Читать книгу Principles of Virology - Jane Flint, S. Jane Flint - Страница 101

BOX 2.9 EXPERIMENTS Pathogen de-discovery

High-throughput sequencing of nucleic acids has accelerated the pace of virus discovery, but at a cost: contaminants are much easier to detect.

During a search for the causative agent of seronegative hepatitis (disease not caused by hepatitis A, B, C, D, or E virus) in Chinese patients, a new virus with a single-stranded DNA genome was discovered in sera by high-throughput sequencing.
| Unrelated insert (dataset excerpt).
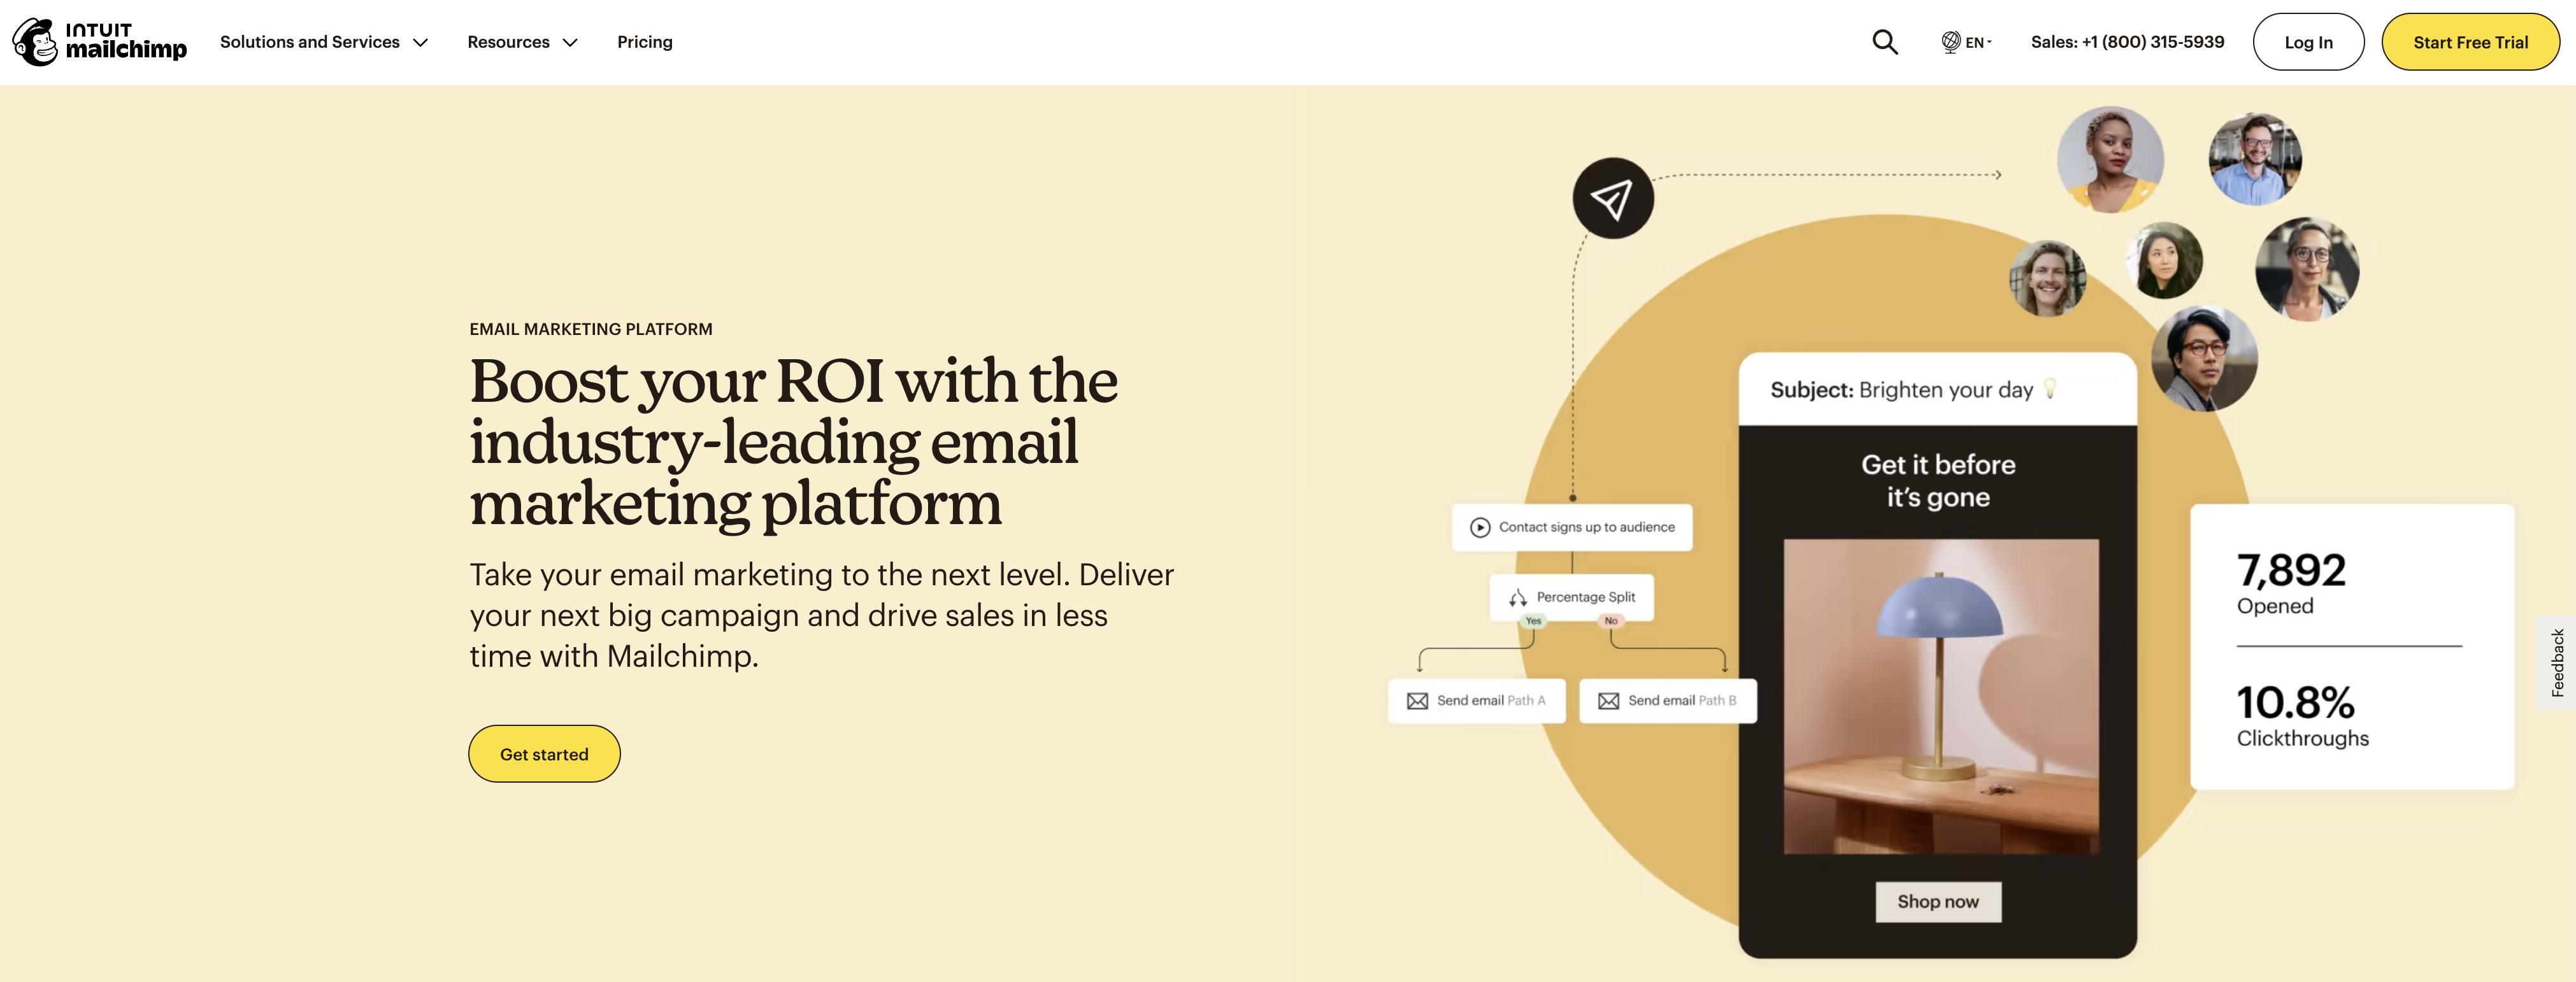 Mailchimp boost your ROI with email marketing
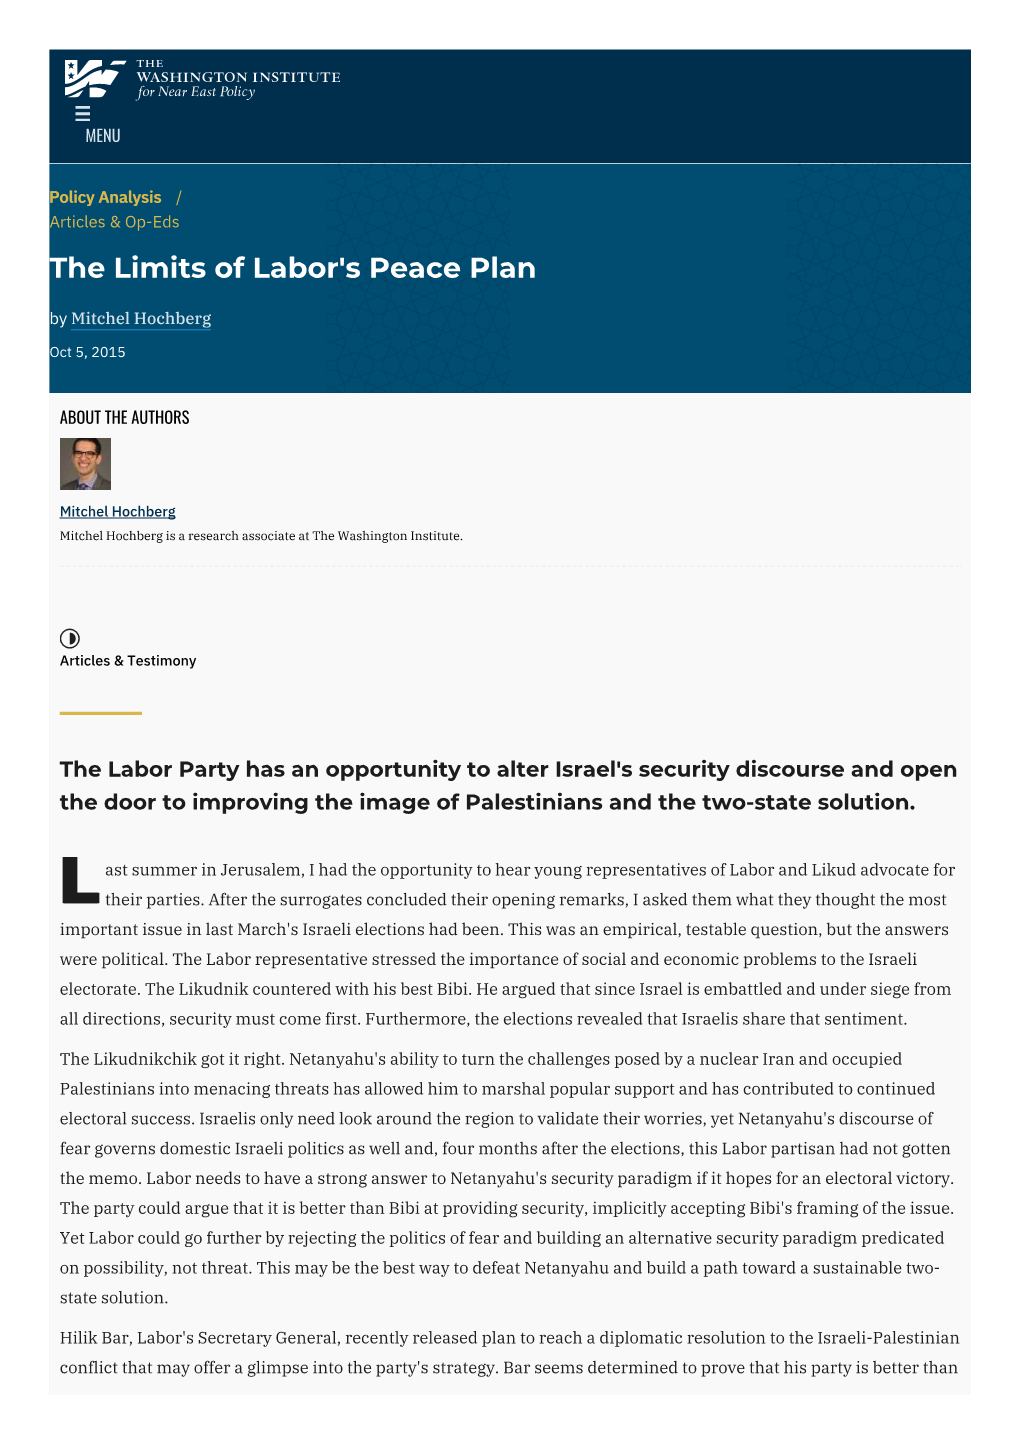 The Limits of Labor's Peace Plan | the Washington Institute

Seventy percent of 90 patient serum samples were positive for viral DNA by PCR, and sera from 45 healthy controls were negative. Furthermore, 84% of patients were positive for antibodies against the virus. Among healthy controls, 78% were antibody positive. The authors concluded that this virus was highly prevalent in some patients with seronegative hepatitis. A second independent laboratory identified the same virus in sera from patients in the United States with non-A-to-E hepatitis, while a third group identified the virus in diarrheal stool samples from Nigeria.

The first clue that something was amiss was the observation that the new virus identified in all three laboratories shared 99% nucleotide and amino acid identity: this similarity would not be expected in virus samples from such geographically, temporally, and clinically diverse samples. Another problem was that in the U.S. non-A-to-E hepatitis study, all pools of patient sera were positive for viral sequences. These observations suggested the possibility of viral contamination.

When nucleic acids were repurified from the U.S. non-A-to-E hepatitis samples using a different method, none were positive for the new virus. The presence of the virus was traced to the use of column-based purification kits manufactured by Qiagen, Inc. (pictured). Nearly the entire viral genome could be detected by deep sequencing of sterile water that was passed through these columns. The nucleic acid purification columns contaminated with the new virus were used to purify nucleic acid from patient samples. These columns, produced by a number of manufacturers, are typically an inch in length and contain a silica gel membrane that binds nucleic acids. The clinical samples are added to the column, which is then centrifuged briefly to remove liquids (hence the name “spin” columns). The nucleic acid adheres to the silica gel membrane. Contaminants are washed away, and the nucleic acids are then released from the silica by the addition of a buffer.

Why were the Qiagen spin columns contaminated with viral DNA? A search of the publicly available environmental metagenomic data sets revealed the presence of sequences highly related to this virus (87 to 99% nucleotide identity). The data sets containing these sequences were obtained from seawater collected off the Pacific coast of North America and coastal regions of Oregon and Chile. The source of contamination could be explained if the silica in the Qiagen spin columns was produced from ocean-dwelling diatoms that were infected with the virus.

In retrospect, it was easy to be fooled into believing that the novel virus might be a human pathogen because it was detected only in sick and not healthy patients. Why antibodies to the virus were detected in samples from both sick and healthy patients remains to be explained. However, the virus is not likely to be associated with any human illness: when non-Qiagen spin columns were used, the viral sequences were not found in any patient sample.

The lesson to be learned from this story is clear: high-throughput sequencing is a very powerful and sensitive method but must be applied with great care. Every step of the virus discovery process must be carefully controlled, from the water used to the plastic reagents. Most importantly, laboratories carrying out pathogen discovery must share their sequence data, something that took place during this study.

Naccache SN, Greninger AL, Lee D, Coffey LL, Phan T, Rein-Weston A, Aronsohn A, Hackett J, Jr, Delwart EL, Chiu CY. 2013. The perils of pathogen discovery: origin of a novel parvovirus-like hybrid genome traced to nucleic acid extraction spin columns. J Virol 87:11966–11977.

Xu B, Zhi N, Hu G, Wan Z, Zheng X, Liu X, Wong S, Kajigaya S, Zhao K, Mao Q, Young NS. 2013. Hybrid DNA virus in Chinese patients with seronegative hepatitis discovered by deep sequencing. Proc Natl Acad Sci U S A 110:10264–10269.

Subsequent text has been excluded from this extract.